* SOURCE MATERIAL:
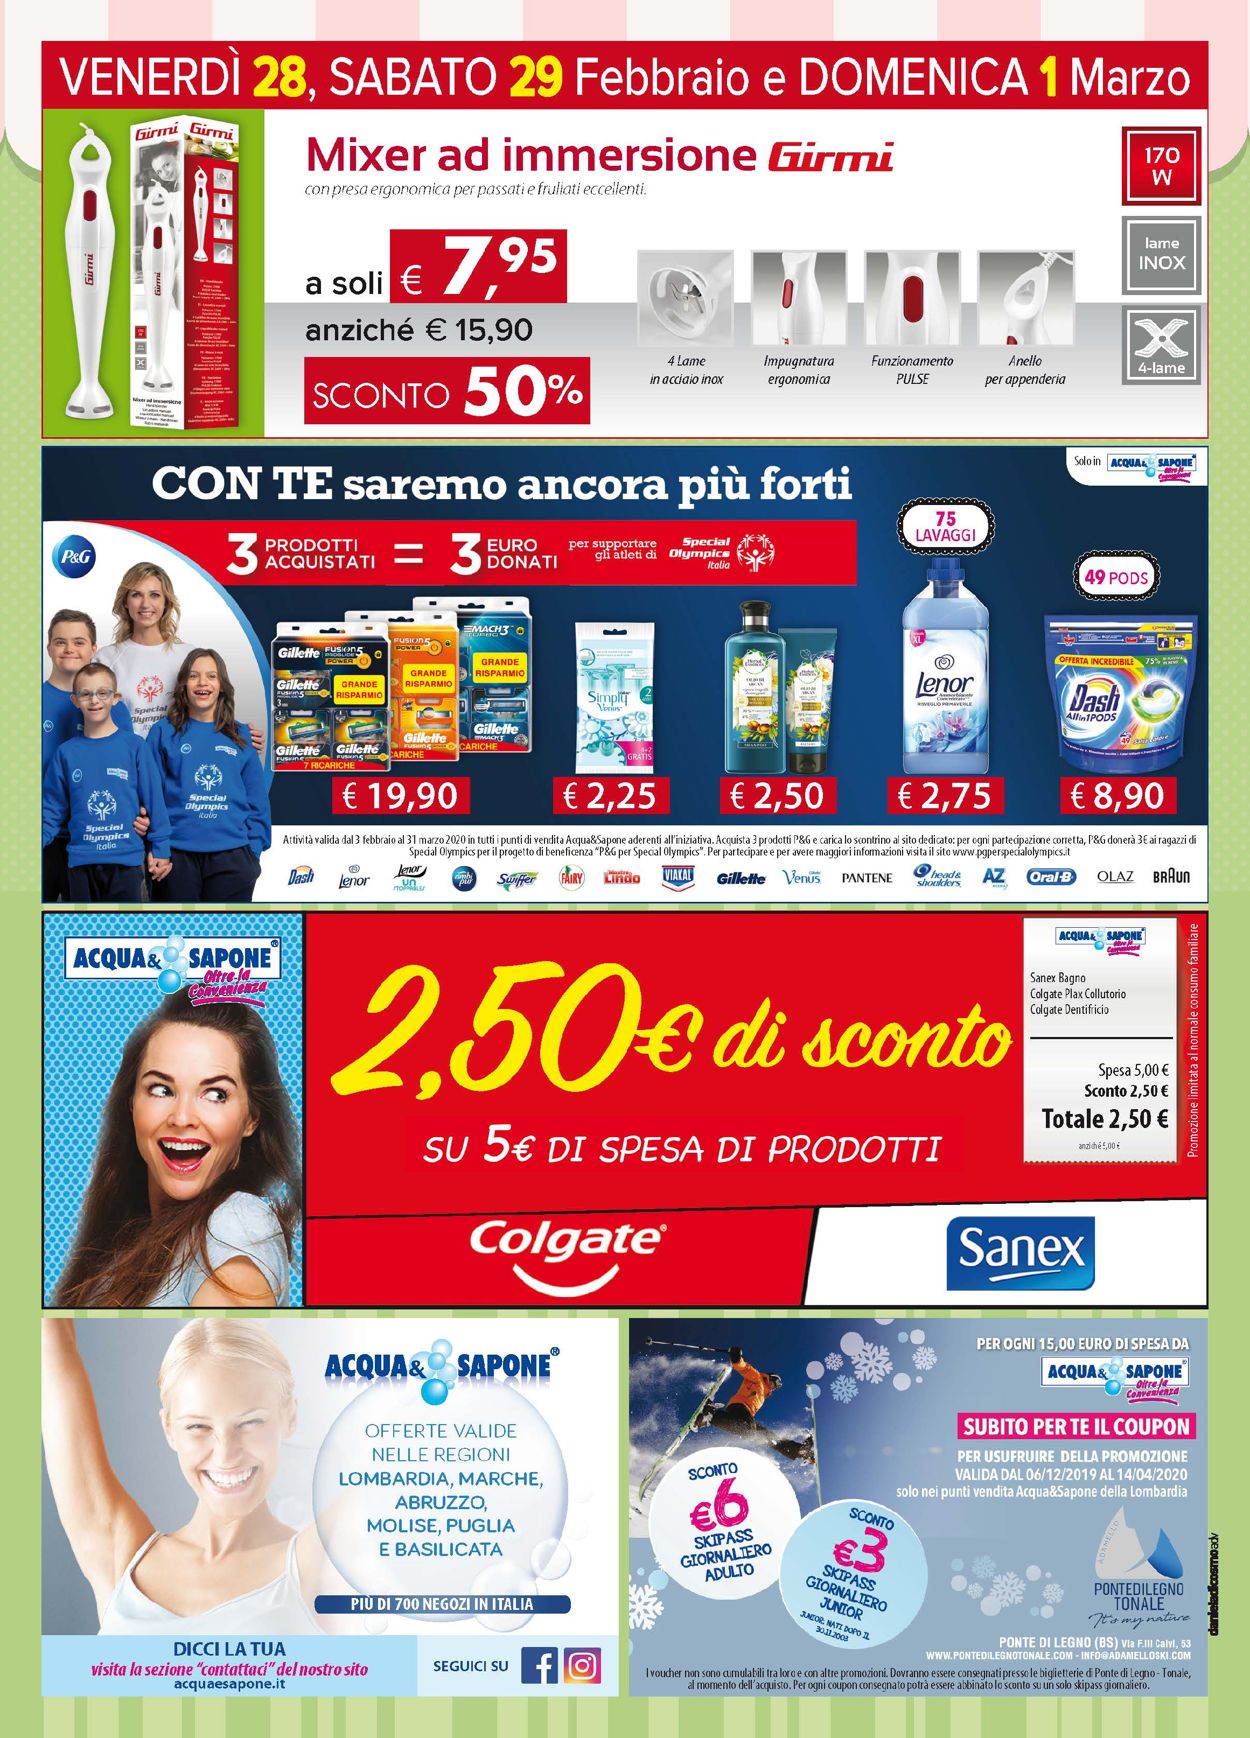 Acqua & Sapone Volantino attuale 25/02 - 08/03/2020 [15]
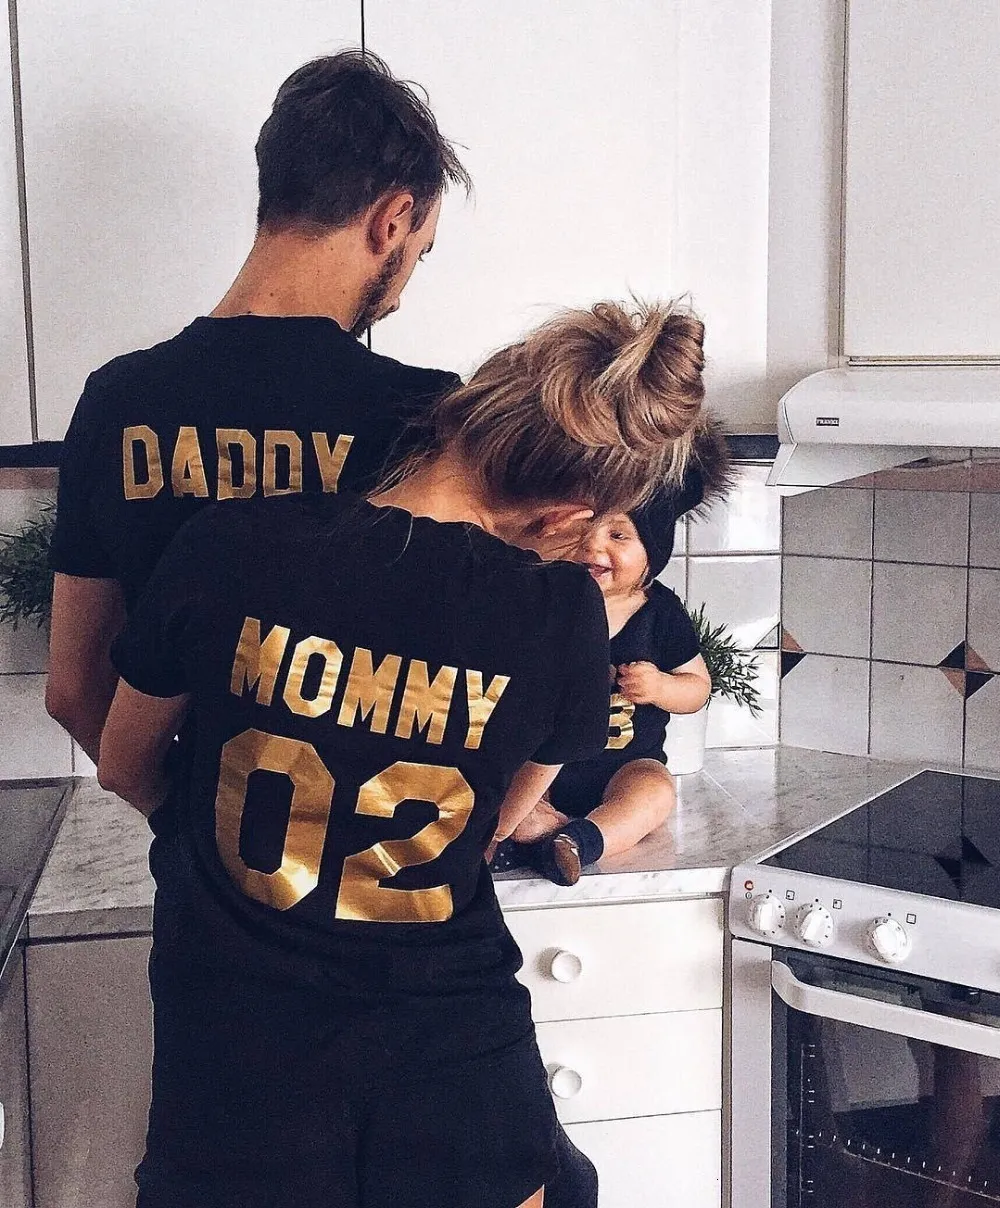 Dopasowanie rodzinnych strojów Rodzinne ubrania rodzinne wygląd Bawełny koszulka tatusia mama dzieciak dziecko zabawne litera numer druku
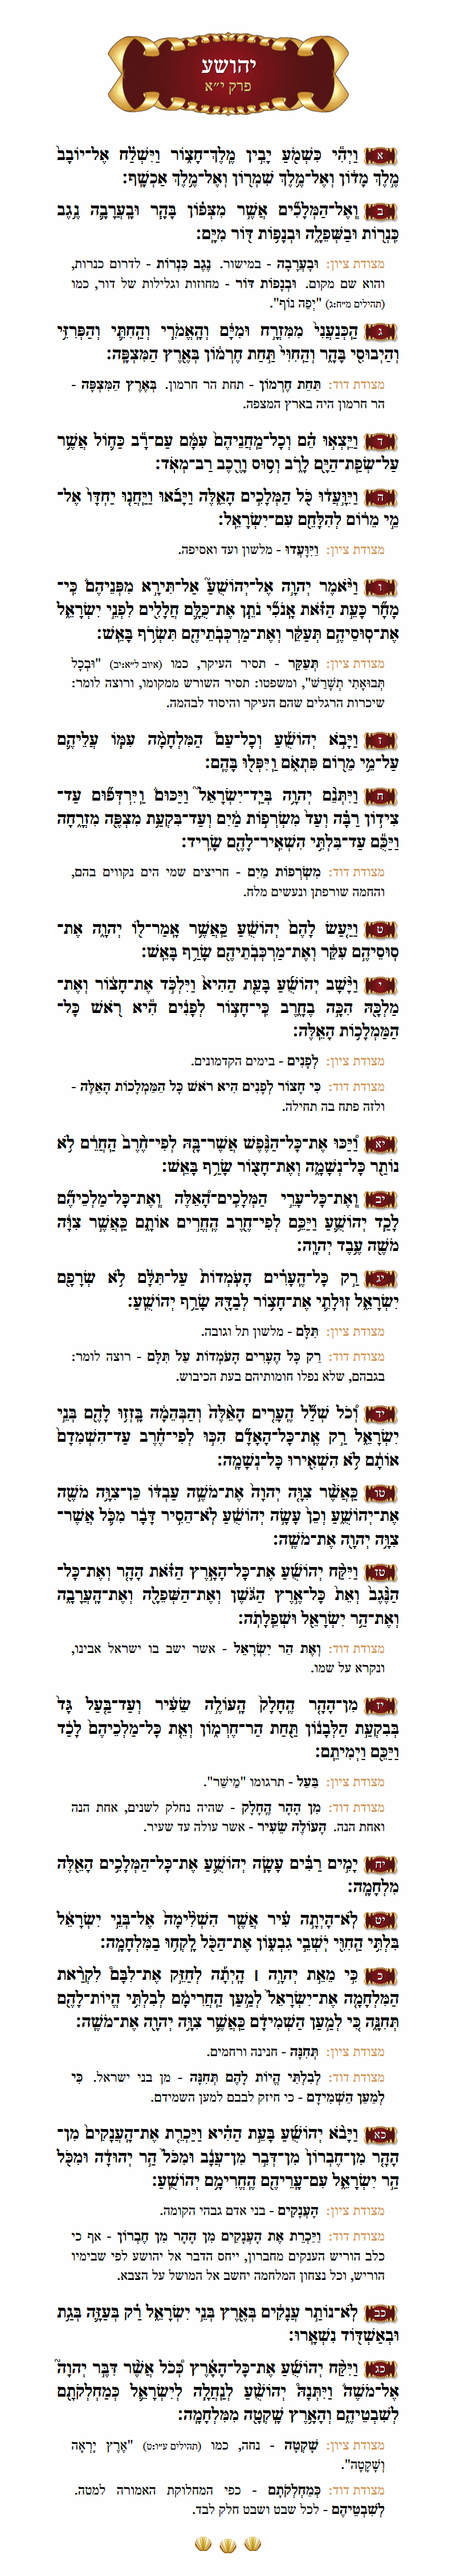 ספר יהושע פרק י״א עם מפרשים

* DESCRIPTION OF THE TASK:
Where images occur in the data above, leave them out and repeat everything else exactly.

* ANSWER SECTION:
 Acqua & Sapone Volantino attuale 25/02 - 08/03/2020 [15]
 Dopasowanie rodzinnych strojów Rodzinne ubrania rodzinne wygląd Bawełny koszulka tatusia mama dzieciak dziecko zabawne litera numer druku
 ספר יהושע פרק י״א עם מפרשים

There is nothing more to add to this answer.